20.3.2. Exact Recovery Conditions#

In this subsection, following [77], we will closely look at some conditions under which OMP is guaranteed to recover the solution for \((\mathcal{D}, K)\)-EXACT-SPARSE problem.

  1. It is given that \(\bx = \bDDD \ba\) where \(\ba\) contains at most \(K\) non-zero entries.

  2. Both the support and entries of \(\ba\) are known and can be used to verify the correctness of OMP. Note that \(\ba\) itself won’t be given to OMP.

  3. Let \(\Lambda_{\opt} = \supp(\ba)\); i.e., the set of indices at which optimal representation \(\ba\) has non-zero entries.

  4. Then we can write

    \[ \bx = \sum_{i \in \Lambda} a_i \bd_i. \]
  5. From the dictionary \(\bDDD\) we can extract a \(N \times K\) matrix \(\bDDD_{\opt}\) whose columns are indexed by \(\Lambda_{\opt}\).

    \[ \bDDD_{\opt} \triangleq \begin{bmatrix} \bd_{\lambda_1} & \dots & \bd_{\lambda_K} \end{bmatrix} \]

    where \(\lambda_i \in \Lambda_{\opt}\).

  6. Thus we can also write

    \[ \bx = \bDDD_{\opt} \ba_{\opt} \]

    where \(\ba_{\opt} \in \CC^K\) is a vector of \(K\) complex entries.

  7. The columns of optimum \(\bDDD_{\opt}\) are linearly independent. Hence \(\bDDD_{\opt}\) has full column rank.

  8. We define another matrix \(\bHHH_{\opt}\) whose columns are the remaining \(D - K\) columns of \(\bDDD\).

  9. Thus \(\bHHH_{\opt}\) consists of atoms or columns which do not participate in the optimum representation of \(\bx\).

  10. OMP starts with an empty support.

  11. At every step, it picks up one column from \(\bDDD\) and adds to the support of approximation.

  12. If we can ensure that it never selects any column from \(\bHHH_{\opt}\) we will be guaranteed that correct \(K\) sparse representation is recovered.

  13. We will use mathematical induction and assume that OMP has succeeded in its first \(k\) steps and has chosen \(k\) columns from \(\bDDD_{\opt}\) so far.

  14. At this point it is left with the residual \(\br^k\).

  15. In \((k+1)\)-th iteration, we compute inner product of \(\br^k\) with all columns in \(\bDDD\) and choose the column which has highest inner product.

  16. We note that the maximum value of inner product of \(\br^k\) with any of the columns in \(\bHHH_{\opt}\) is given by

    \[ \| \bHHH_{\opt}^H \br^k \|_{\infty}. \]
  17. Correspondingly, the maximum value of inner product of \(\br^k\) with any of the columns in \(\bDDD_{\opt}\) is given by

    \[ \| \bDDD_{\opt}^H \br^k \|_{\infty}. \]
  18. since we have shown that \(\br^k\) is orthogonal to the columns already chosen, hence they will not contribute to this term.

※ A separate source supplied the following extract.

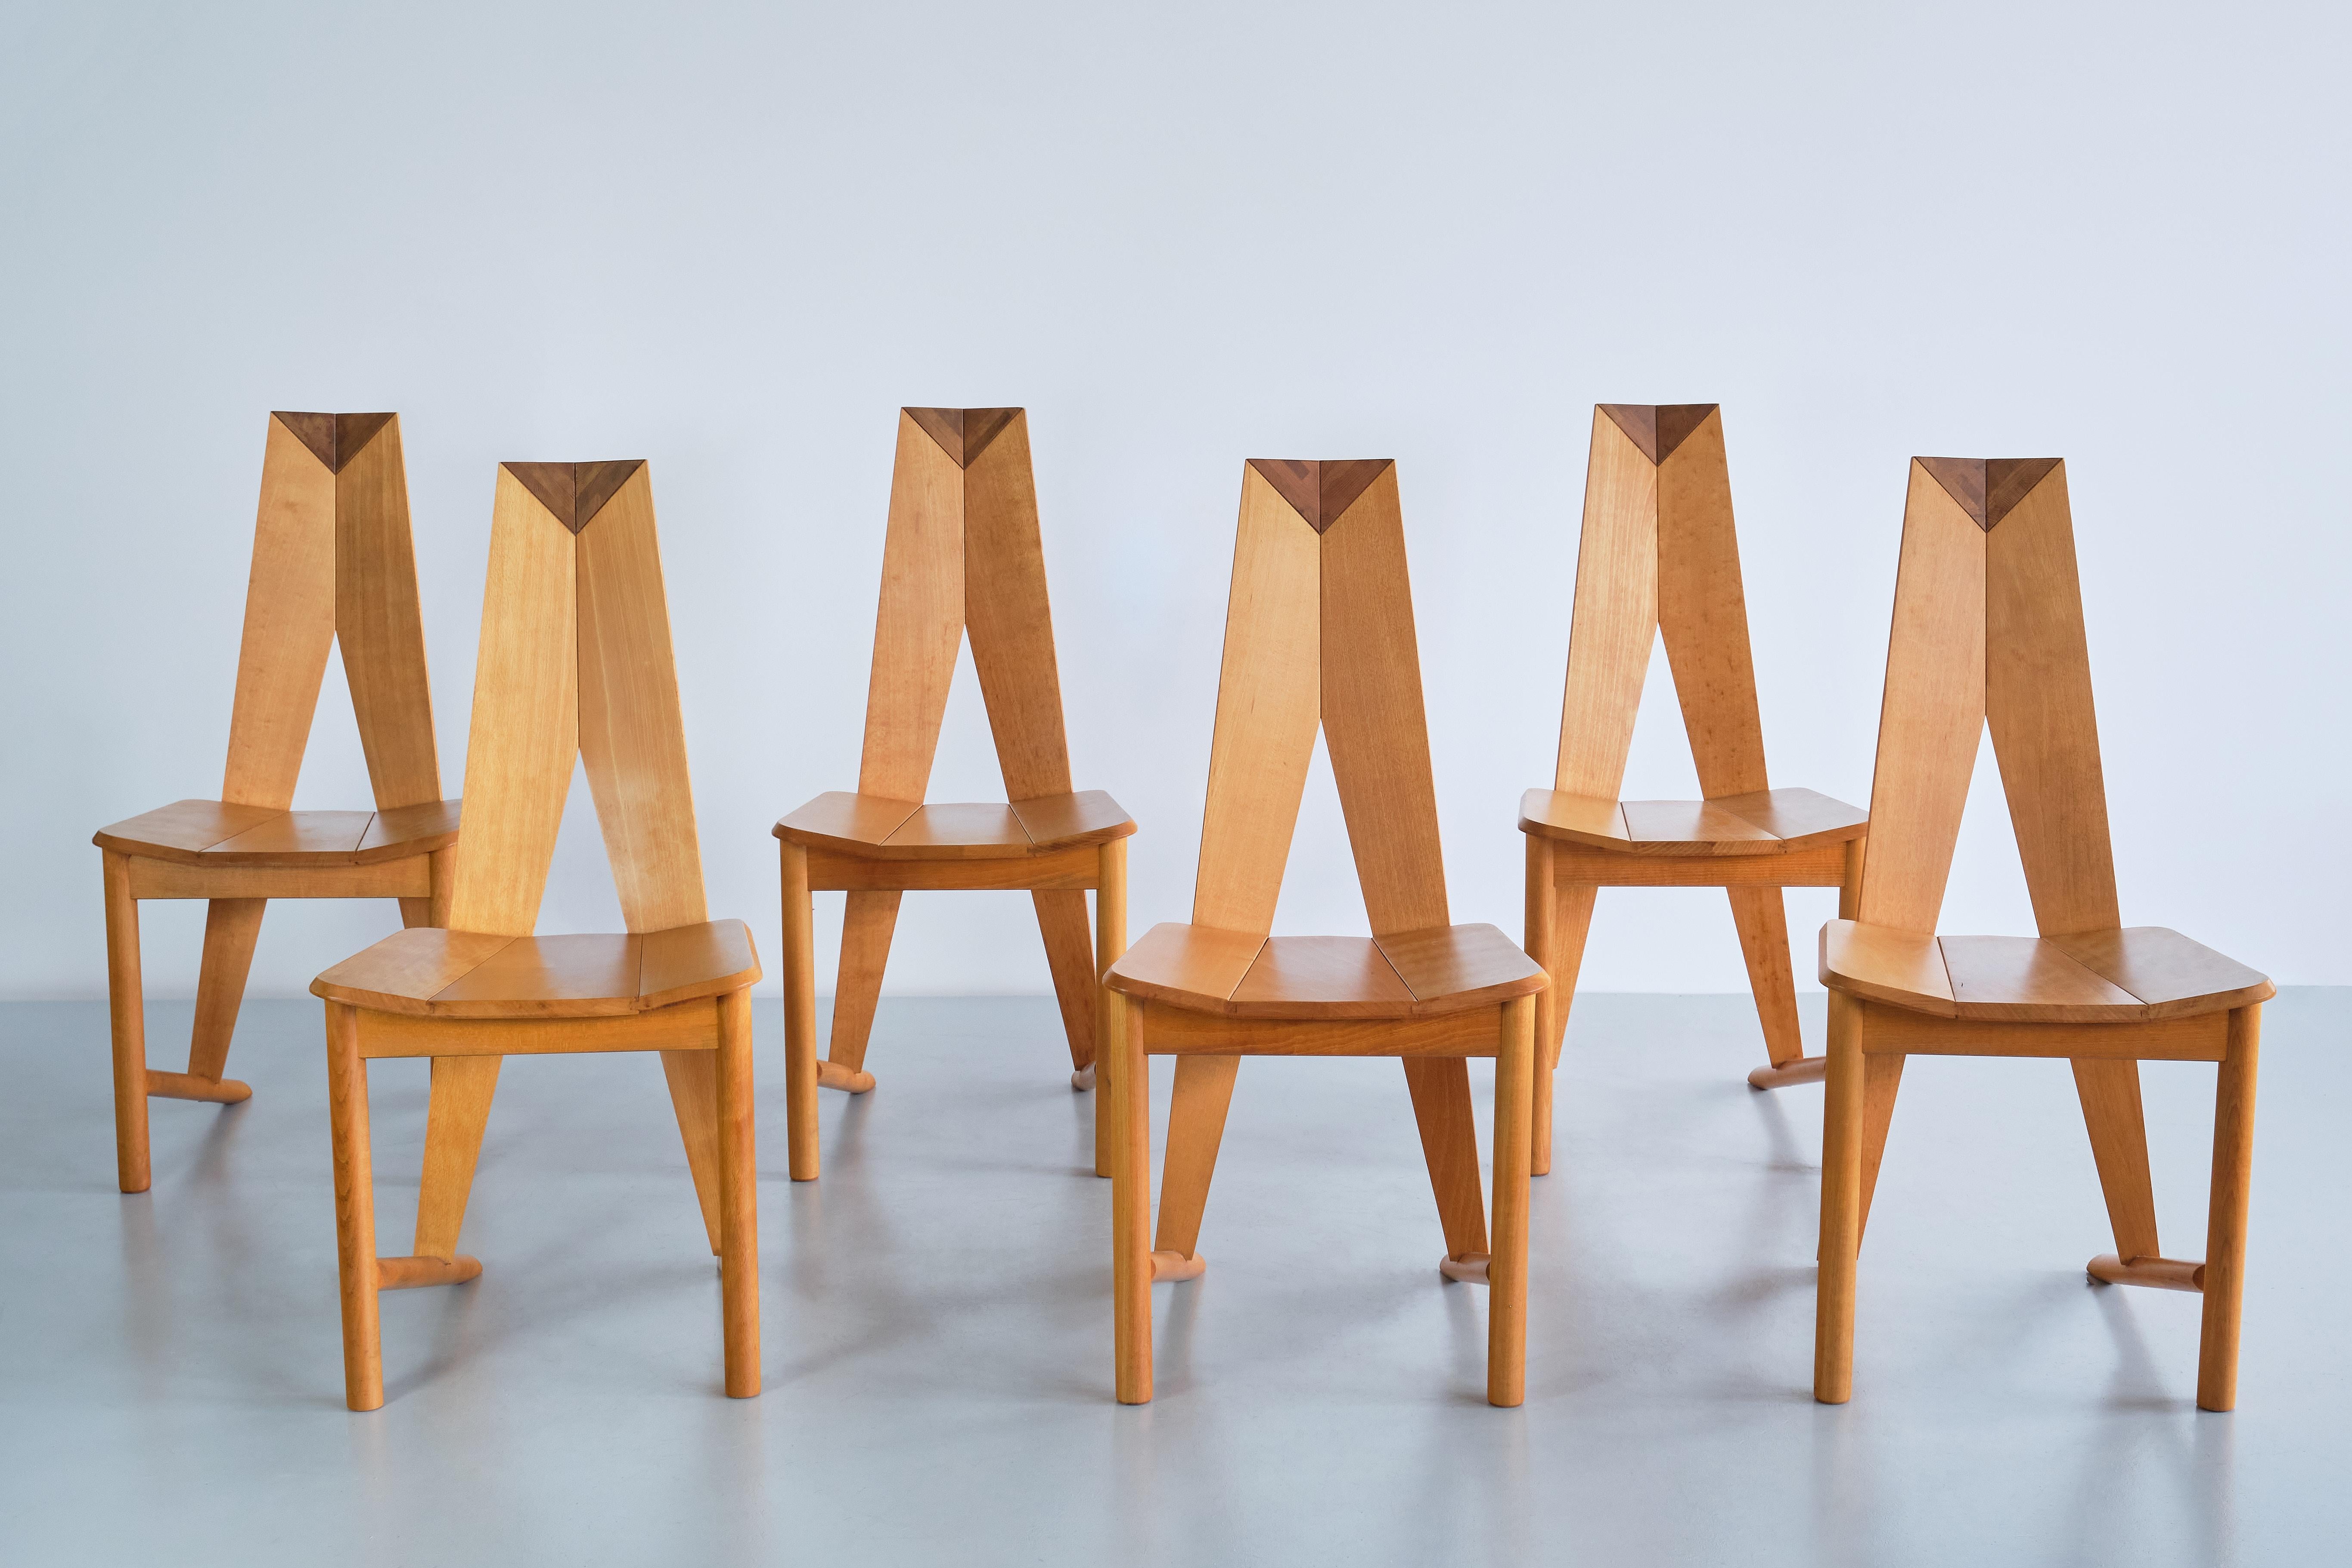 Ce rare ensemble de six chaises de salle à manger a été conçu par les designers danois Søren Nissen et Ebbe Gehl. Les chaises ont été produites par le fabricant français Ebénisterie Seltz pendant une courte période dans les années 1980. 

Ce

  19. In order to make sure that none of the columns in \(\bHHH_{\opt}\) is selected, we need

    \[ \| \bHHH_{\opt}^H \br^k \|_{\infty} < \| \bDDD_{\opt}^H \br^k \|_{\infty}. \]

Definition 20.3 (Greedy selection ratio)

We define a ratio

(20.23)#\[\rho(\br^k) \triangleq \frac{\| \bHHH_{\opt}^H \br^k \|_{\infty}} {\| \bDDD_{\opt}^H \br^k \|_{\infty}}.\]

This ratio is known as greedy selection ratio.

  1. We can see that as long as \(\rho(\br^k) < 1\), OMP will make a right decision at \((k+1)\)-th stage.

  2. If \(\rho(\br^k) = 1\) then there is no guarantee that OMP will make the right decision.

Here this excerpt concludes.